> _YOUR TASK_:
Retype the data exactly, skipping any picture in it.

> _AVAILABLE DATA_:
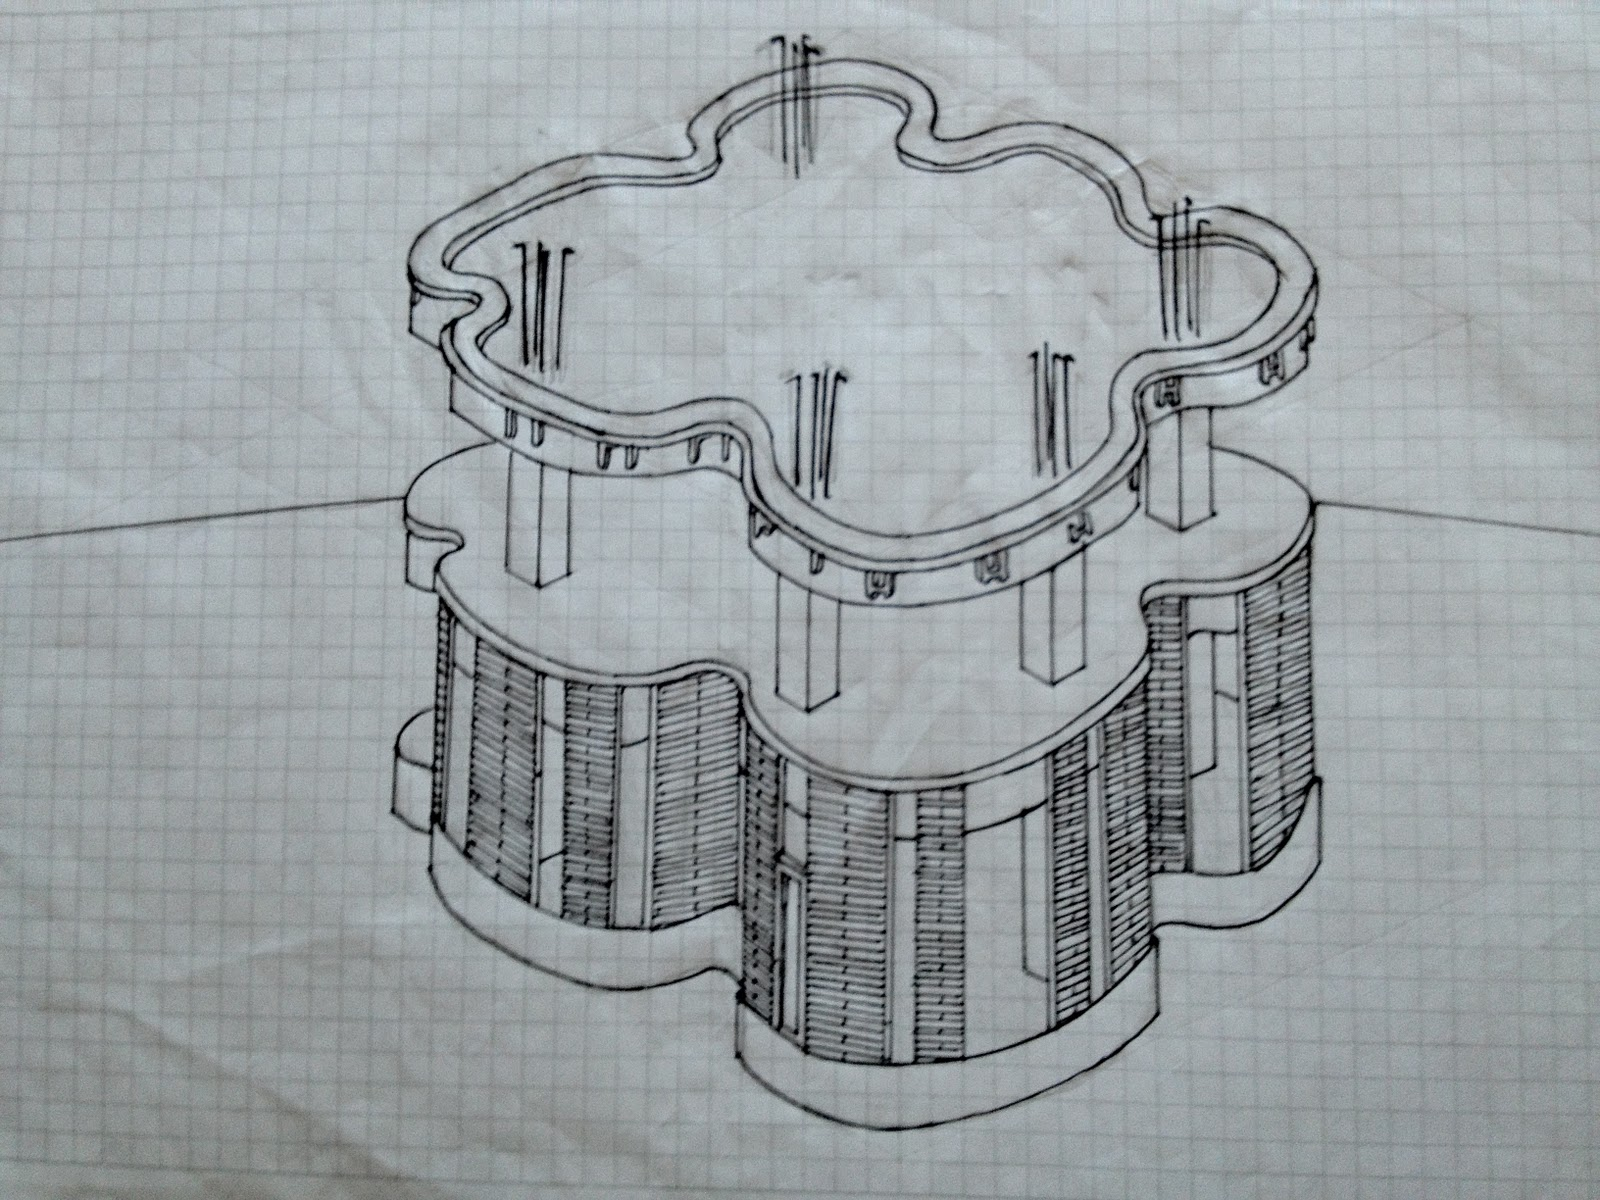 Dise o estructuras arquitect nicas for Estructuras arquitectonicas
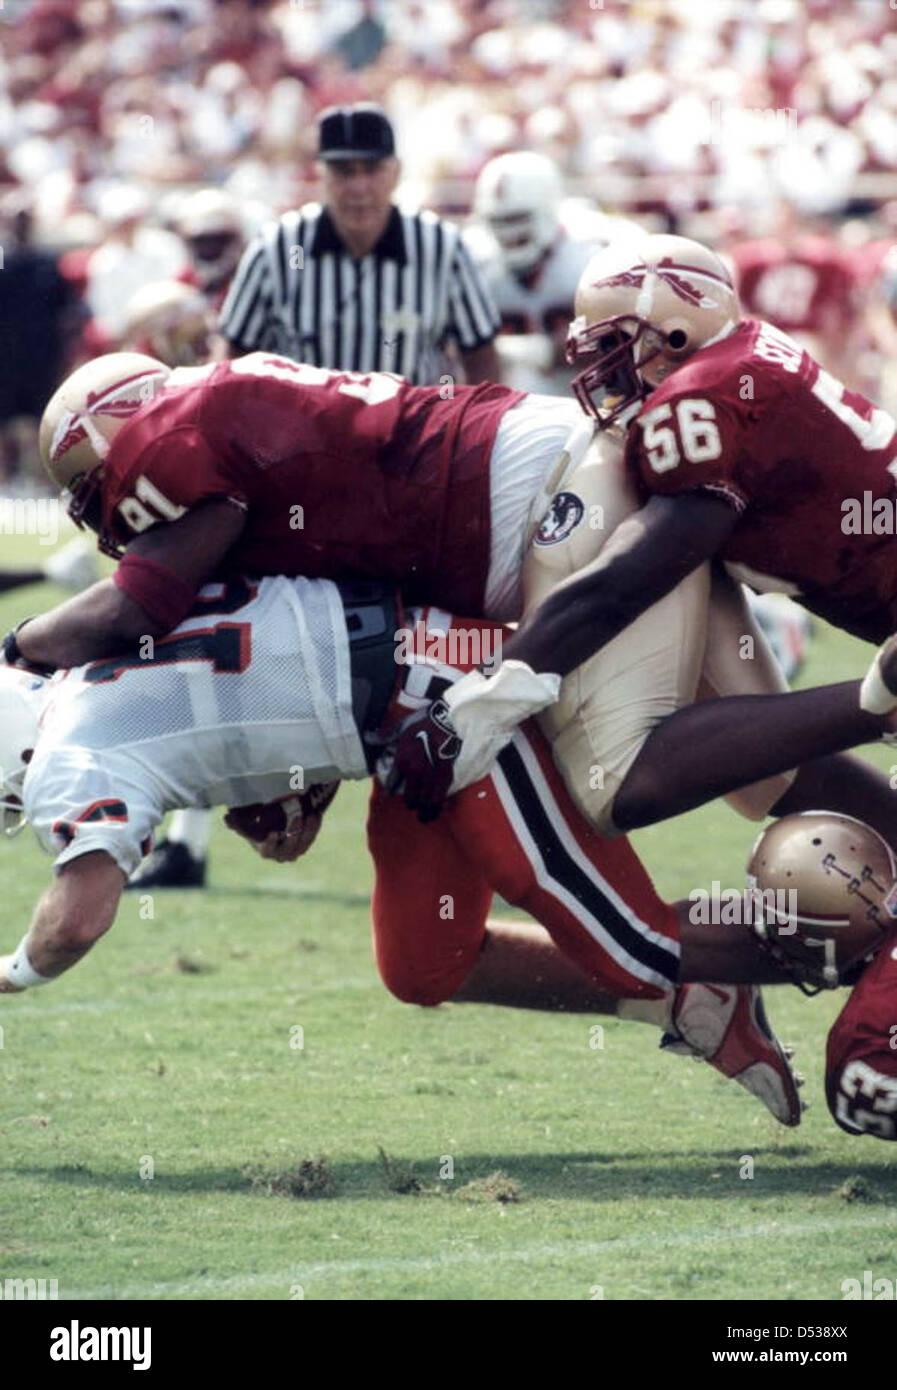 Florida State University versus the University of Miami at Doak Campbell Stadium: Tallahassee, Florida - Stock Image
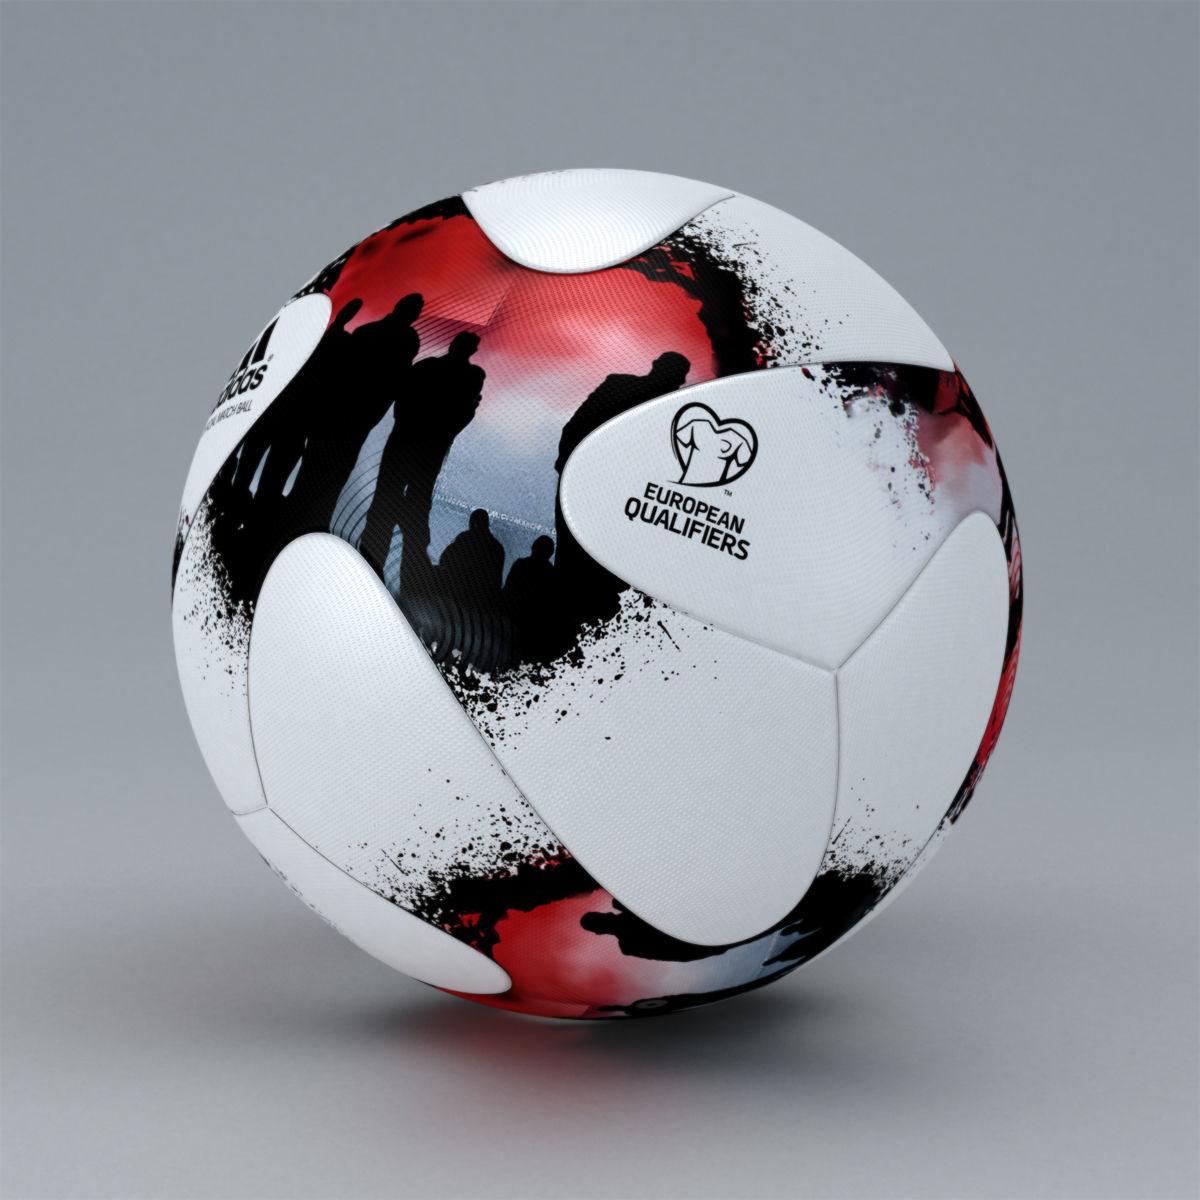 Best Football Ball World Cup 2018 - 2018-fifa-world-cup-qualification-official-match-ball-telstar-3d-model-max-obj-3ds  Collection_314290 .jpg

> _ANSWER BELOW_:
 Dise o estructuras arquitect nicas for Estructuras arquitectonicas
 Florida State University versus the University of Miami at Doak Campbell Stadium: Tallahassee, Florida - Stock Image
 Best Football Ball World Cup 2018 - 2018-fifa-world-cup-qualification-official-match-ball-telstar-3d-model-max-obj-3ds  Collection_314290 .jpg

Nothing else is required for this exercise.